*SOURCE DATA*
· · · ·
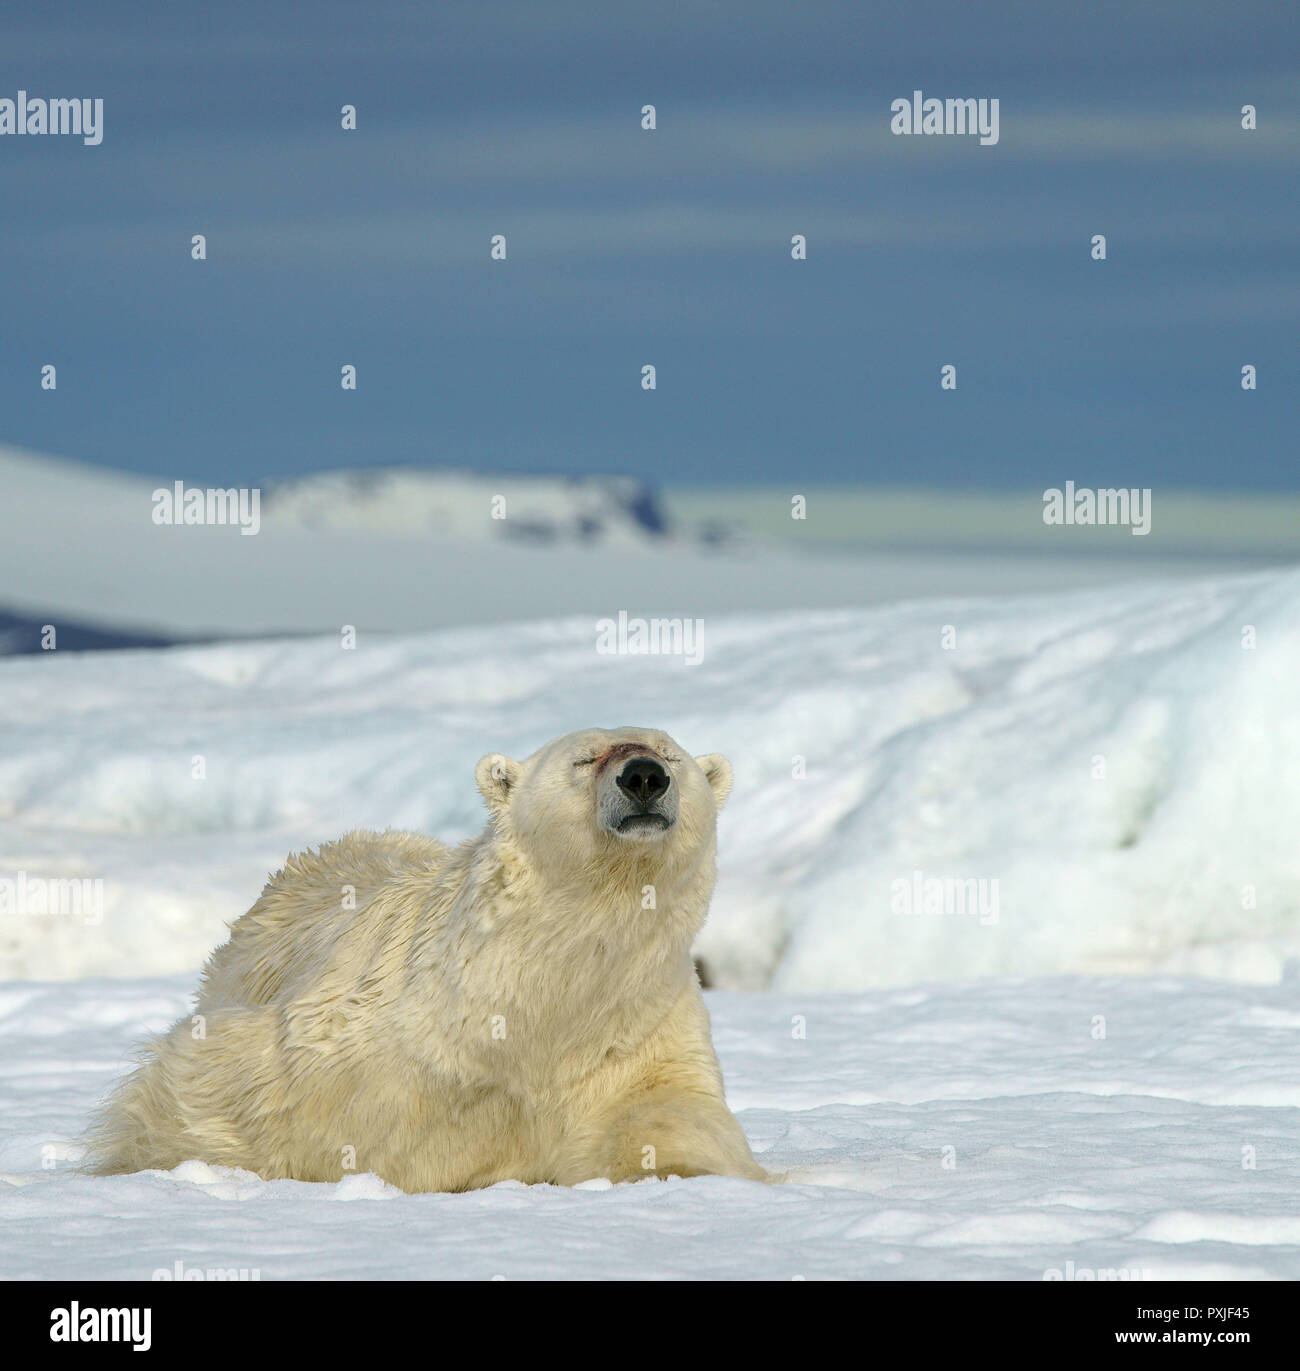 Eisbär (Ursus maritimus) liegt angenehm in den Schnee, in der norwegischen Arktis Svalbard, Norwegen Stockfoto
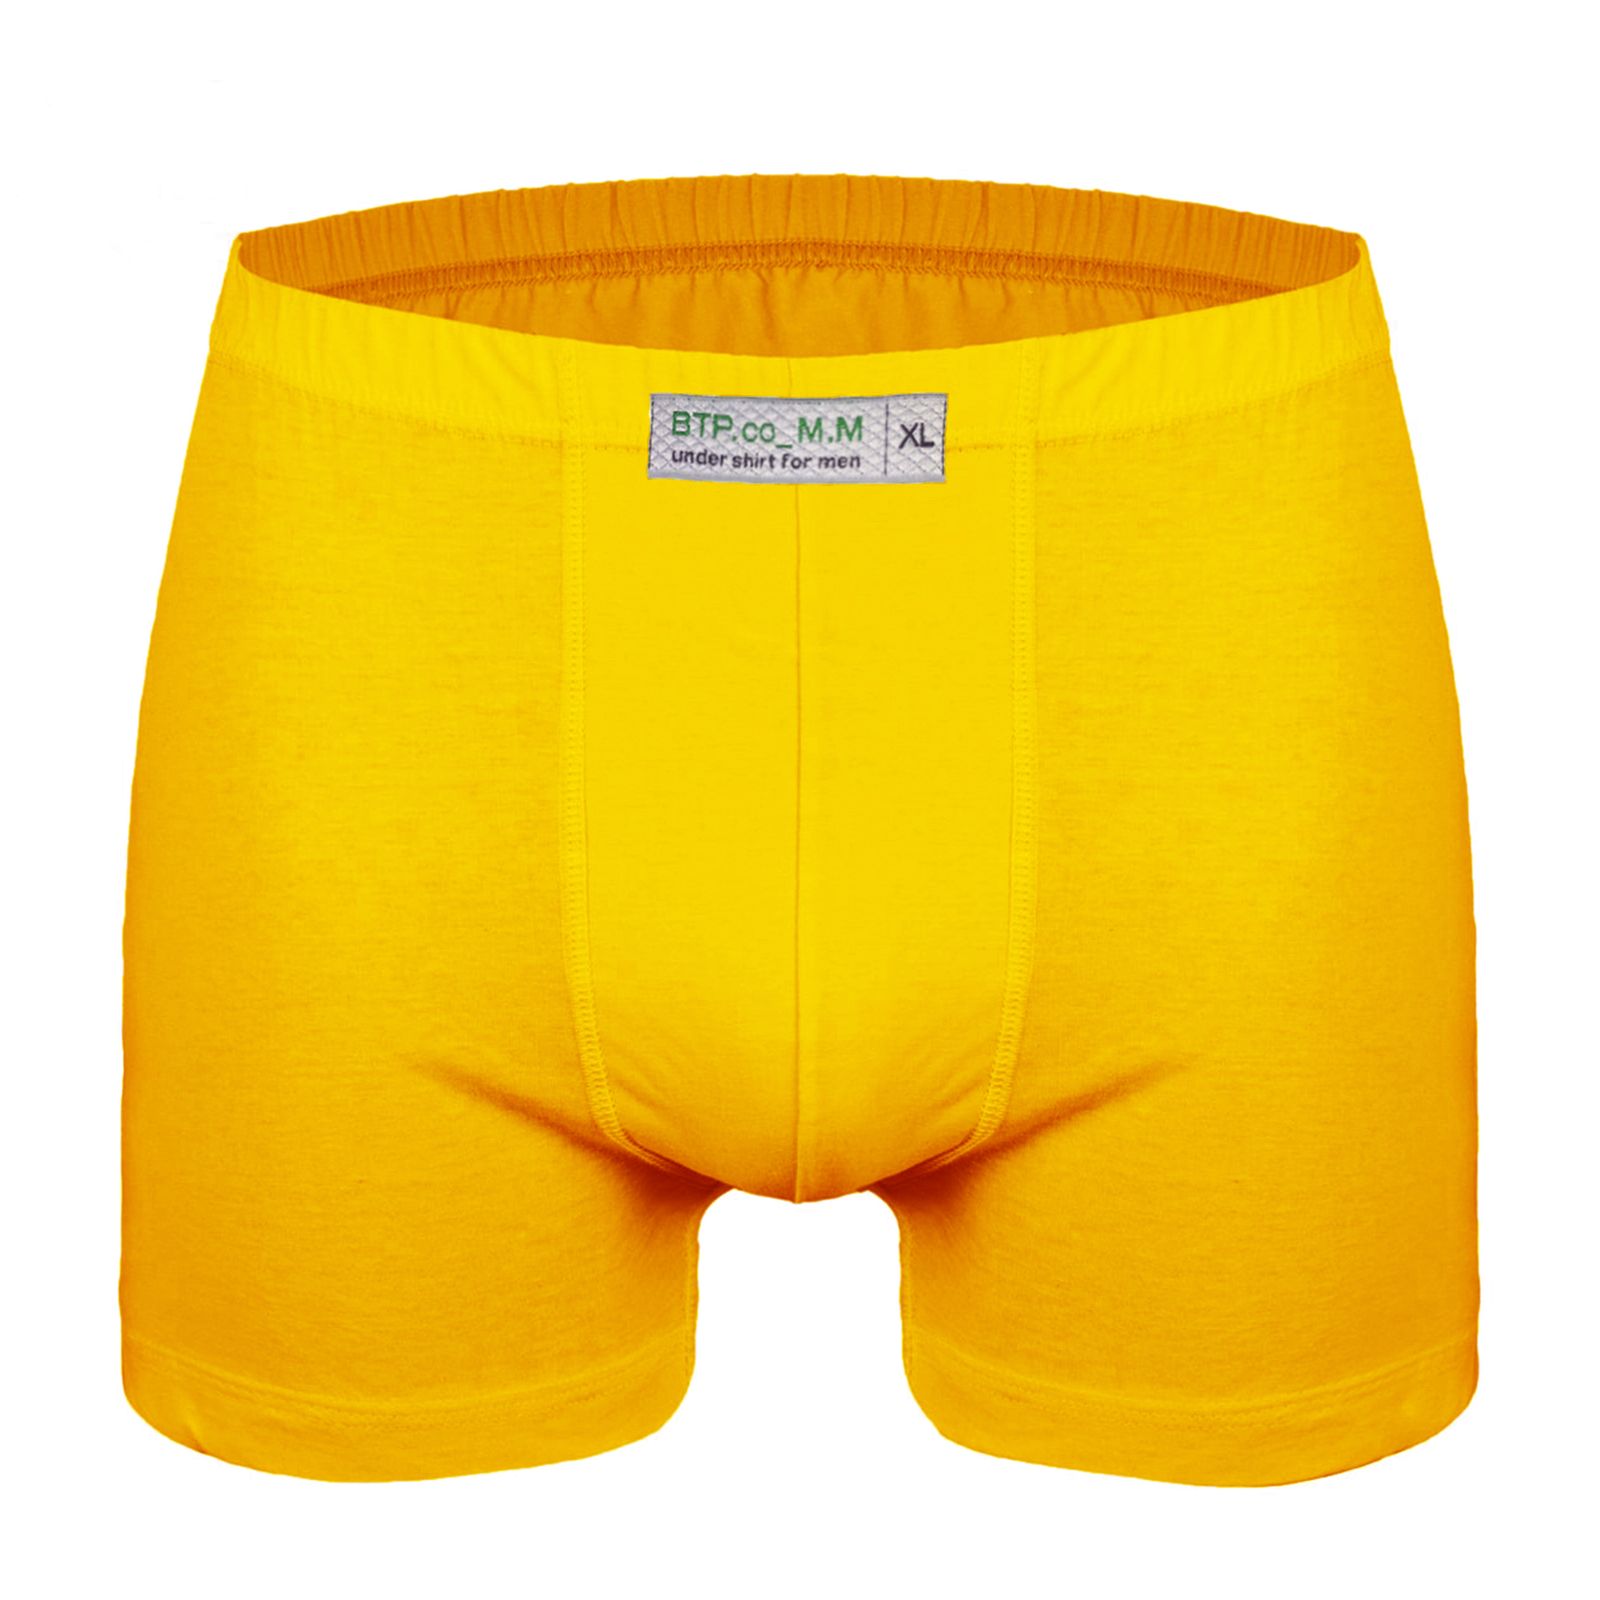 شورت مردانه برهان تن پوش مدل پادار 16-04 رنگ زرد خردلی بسته 2 عددی -  - 2
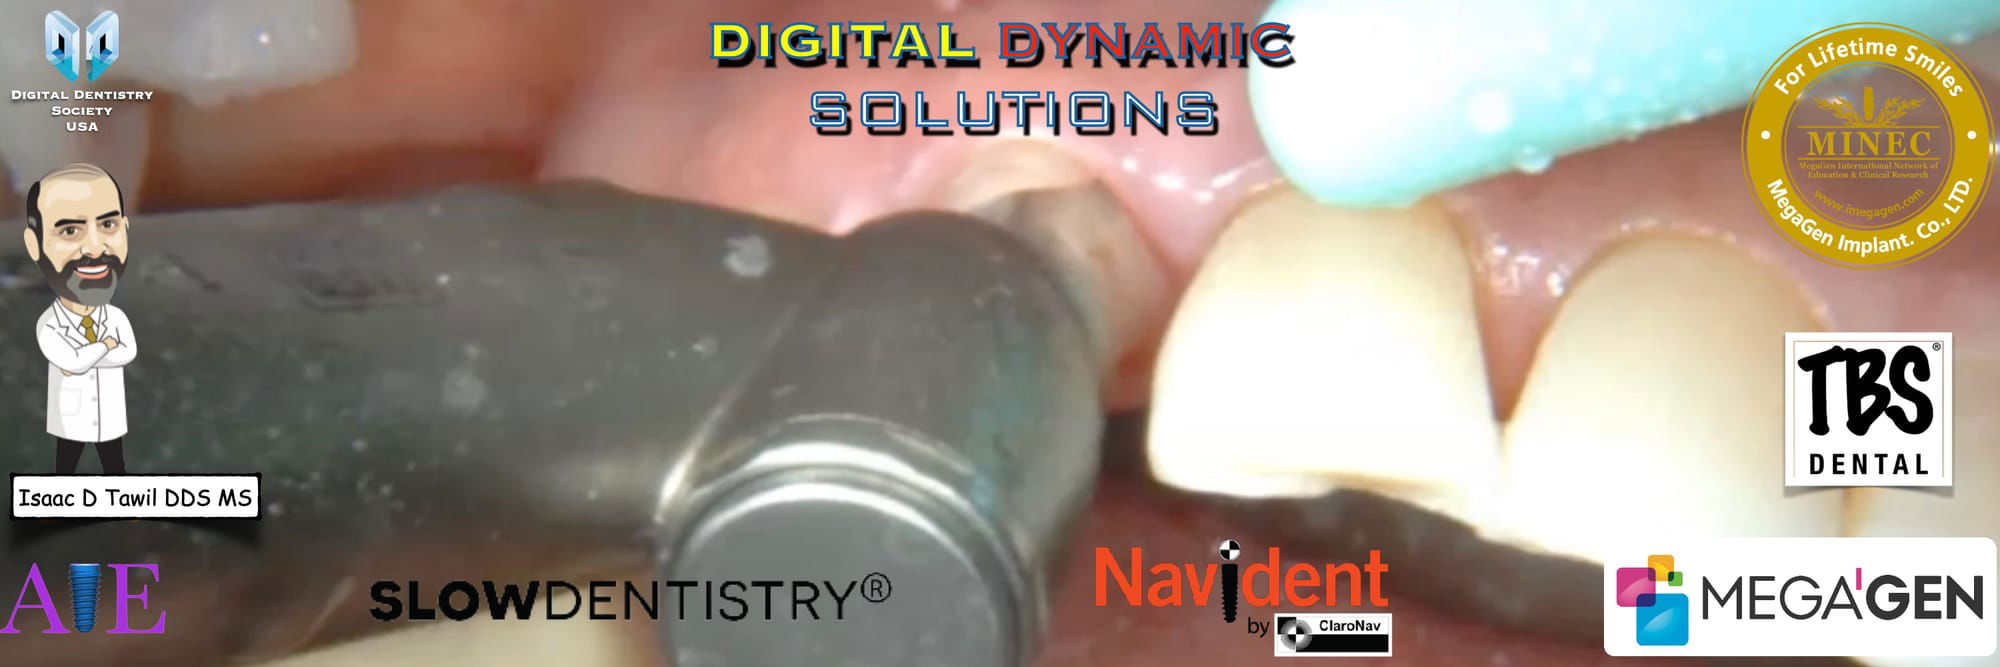 Digital Dynamic Solutions
· · · ·
*WHAT IS EXPECTED*
Copy the material above word for word, images excluded.

*WRITTEN RESPONSE*
 Eisbär (Ursus maritimus) liegt angenehm in den Schnee, in der norwegischen Arktis Svalbard, Norwegen Stockfoto
 شورت مردانه برهان تن پوش مدل پادار 16-04 رنگ زرد خردلی بسته 2 عددی -  - 2
 Digital Dynamic Solutions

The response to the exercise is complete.